» **Exercise requirements**
Give the listing again exactly, skipping any pictures it holds.

» **Data shown**

--------------------------------

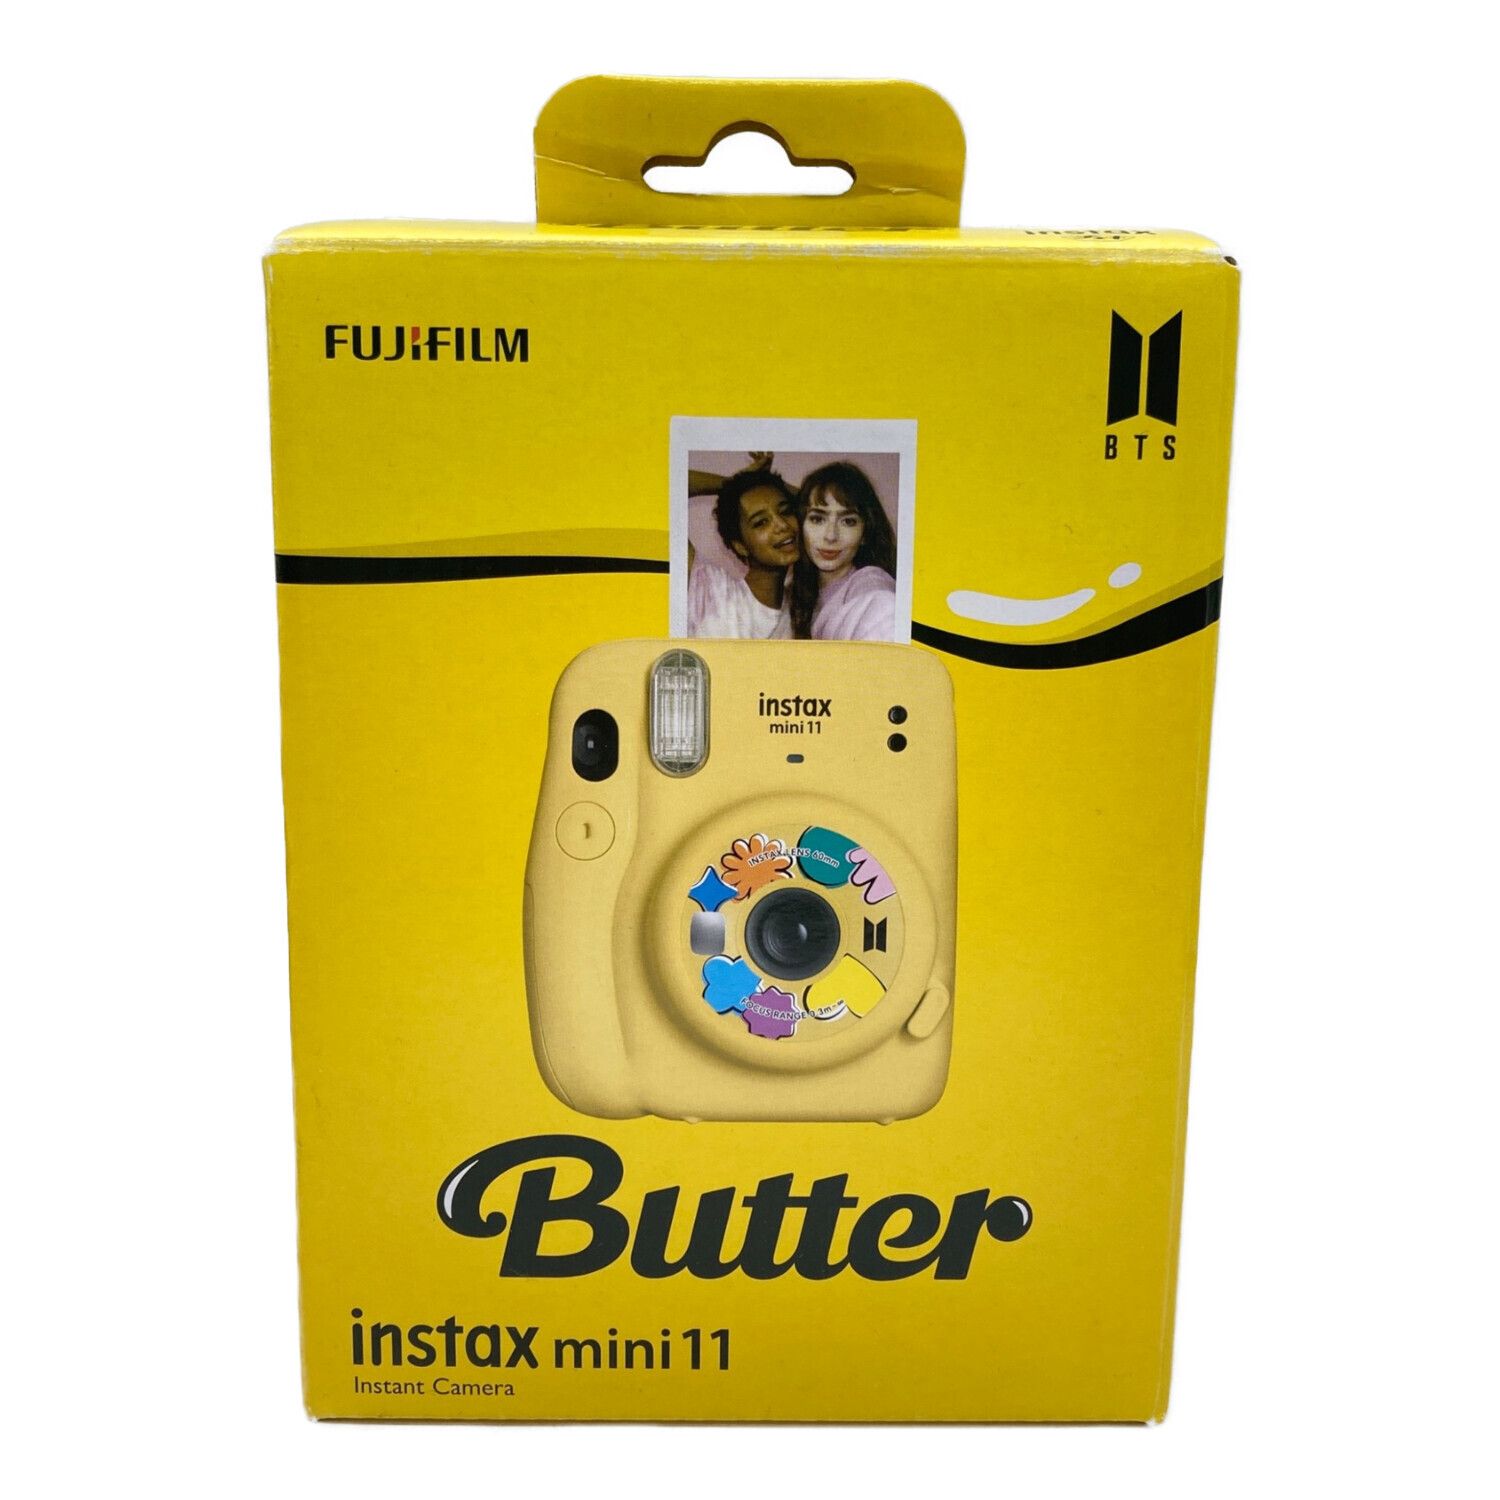 BTS instax mini11 チェキ Butter - フィルムカメラ
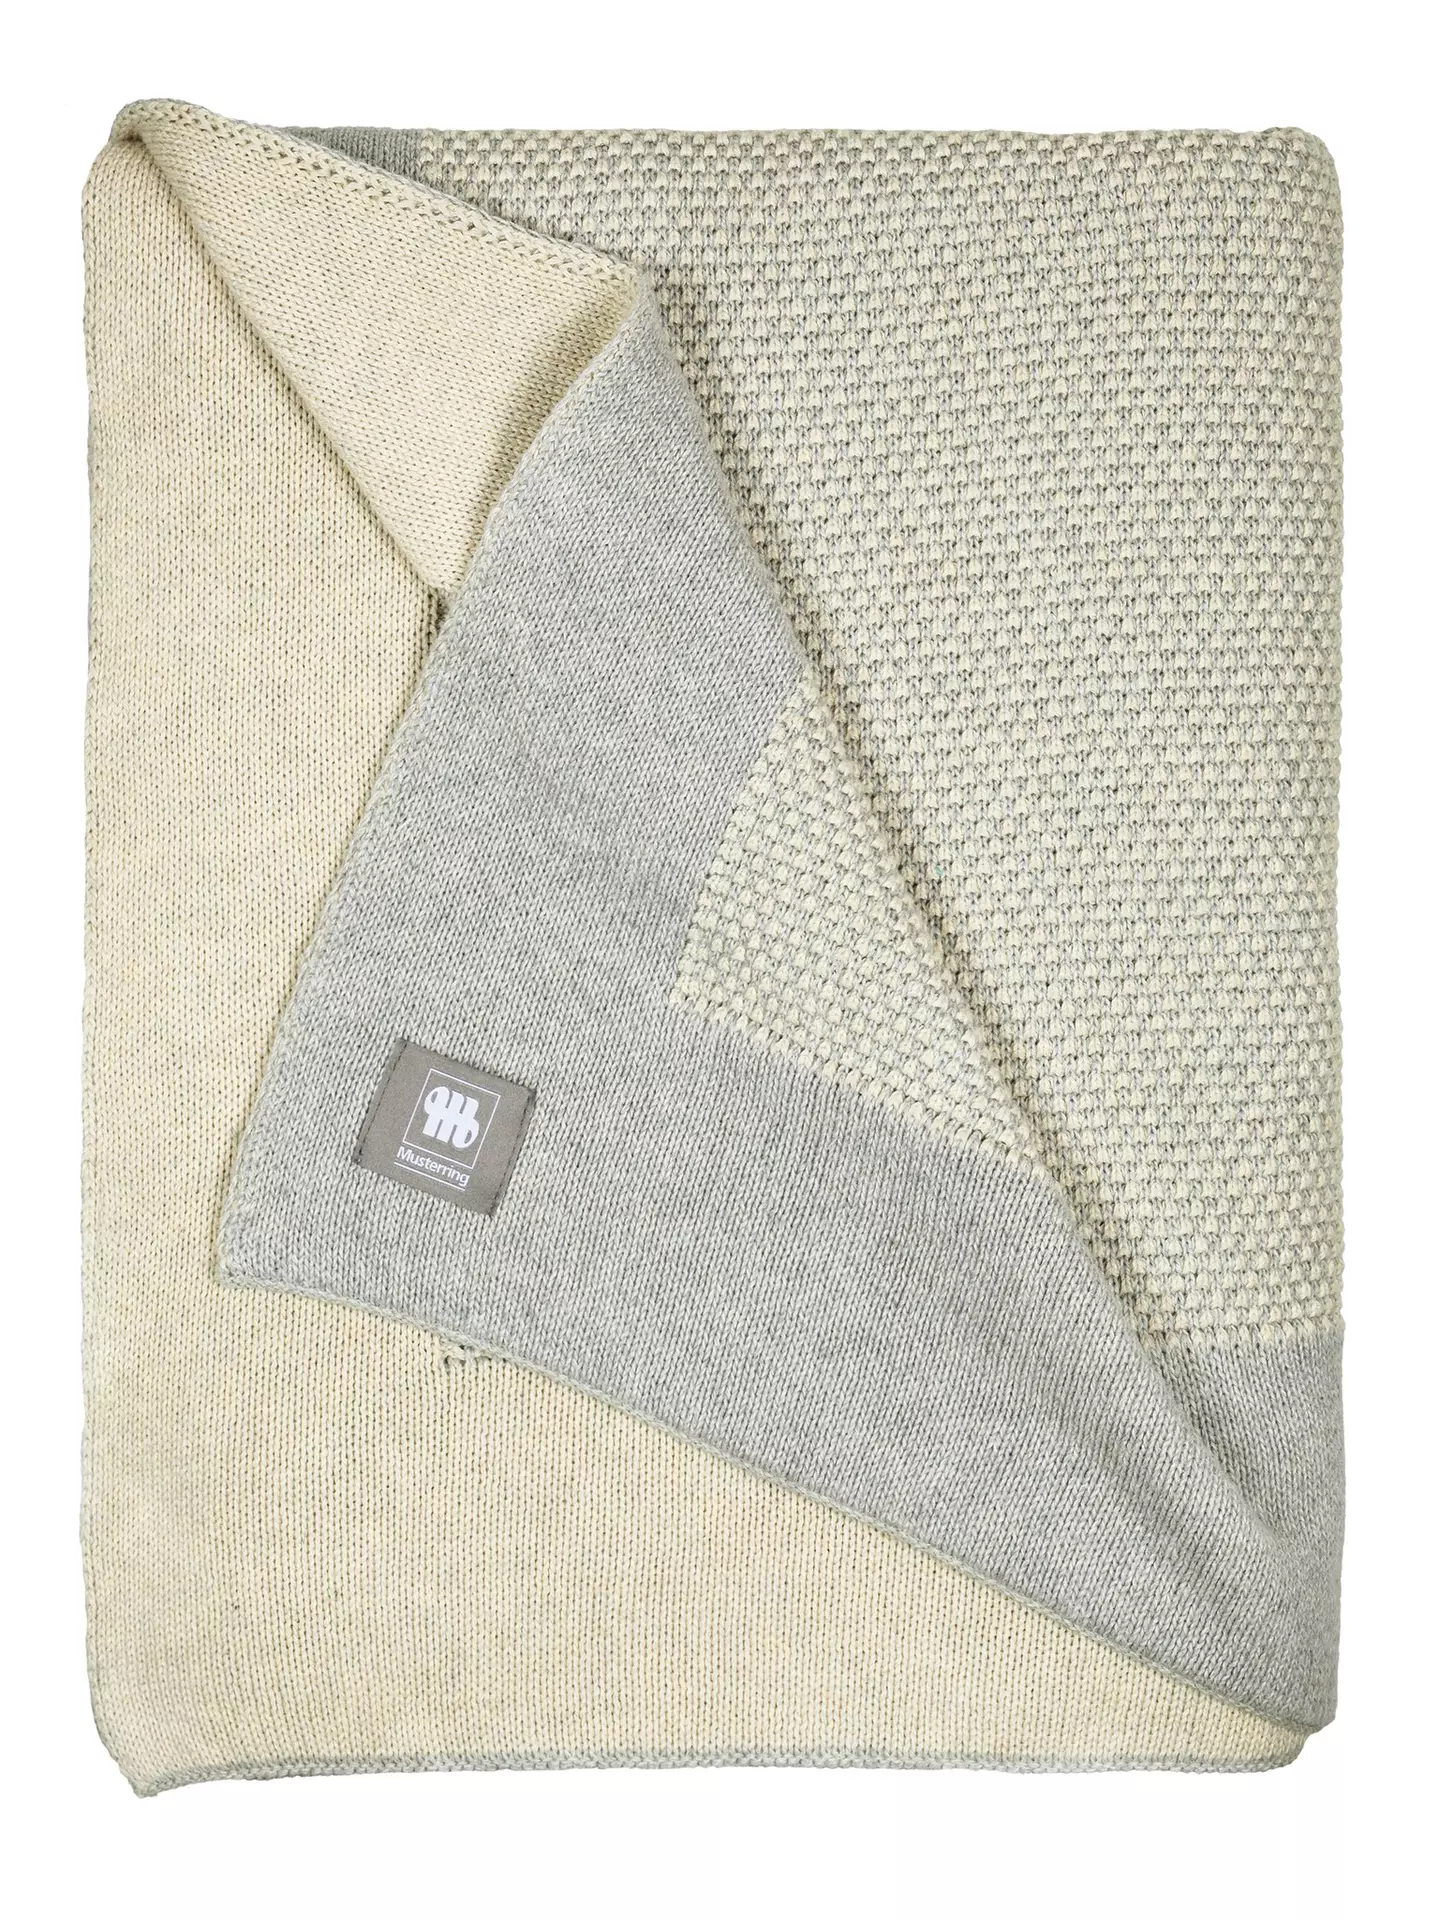 Strickdecke Knit Musterring Textil 130 x 170 cm
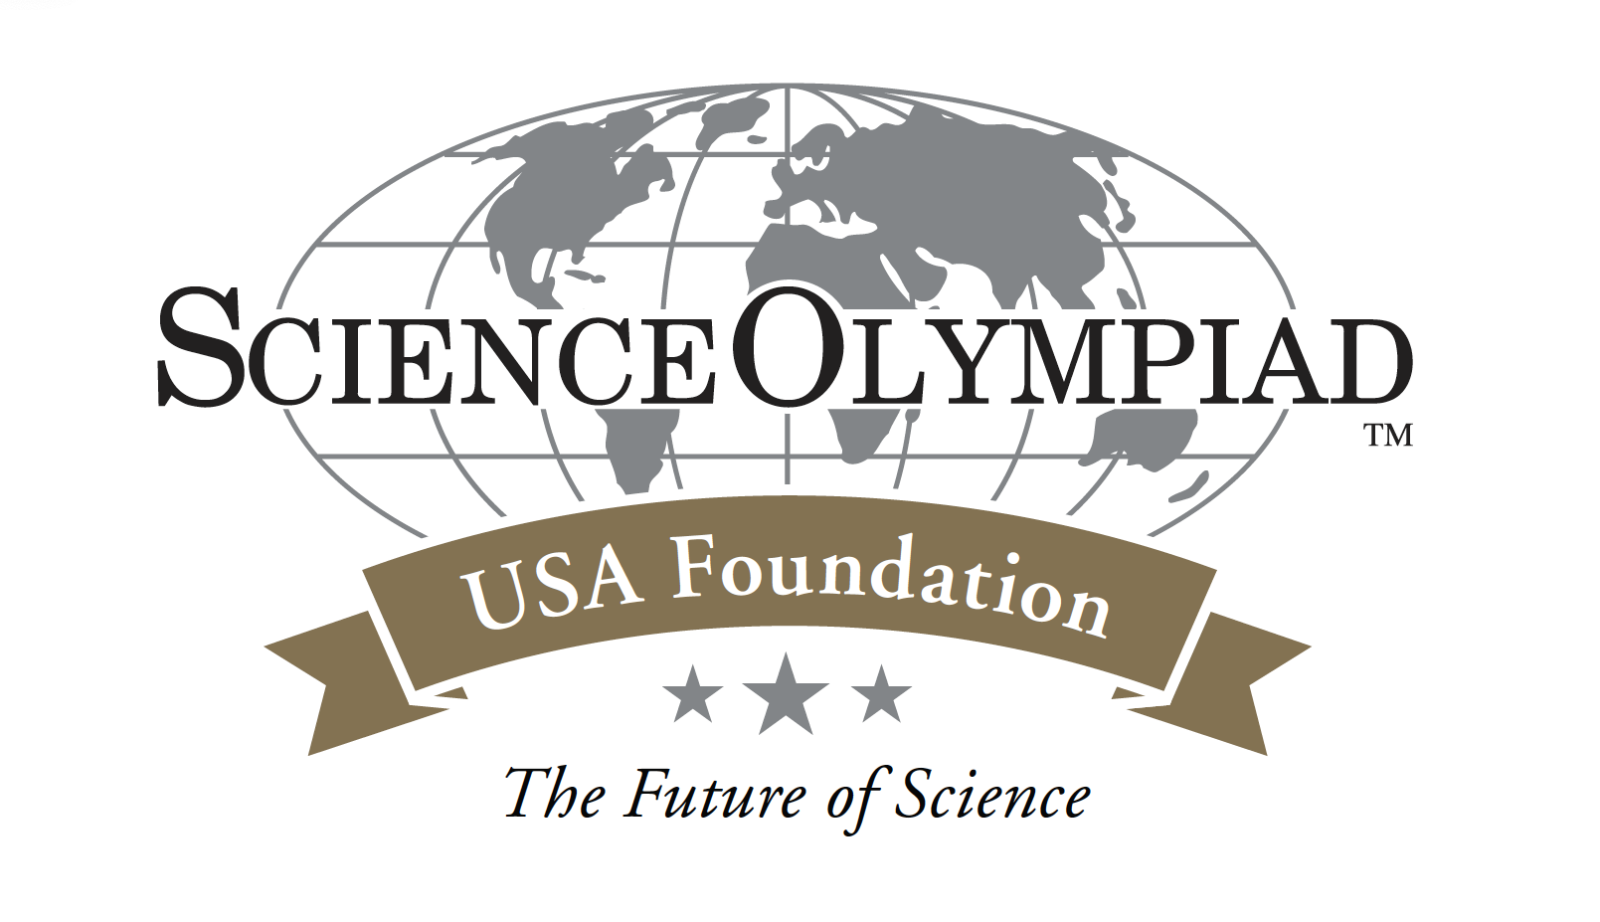 SO_USA_Foundation_logo.png

--------------------------------

» **Output**
 BTS instax mini11 チェキ Butter - フィルムカメラ
 Strickdecke Knit Musterring Textil 130 x 170 cm
 SO_USA_Foundation_logo.png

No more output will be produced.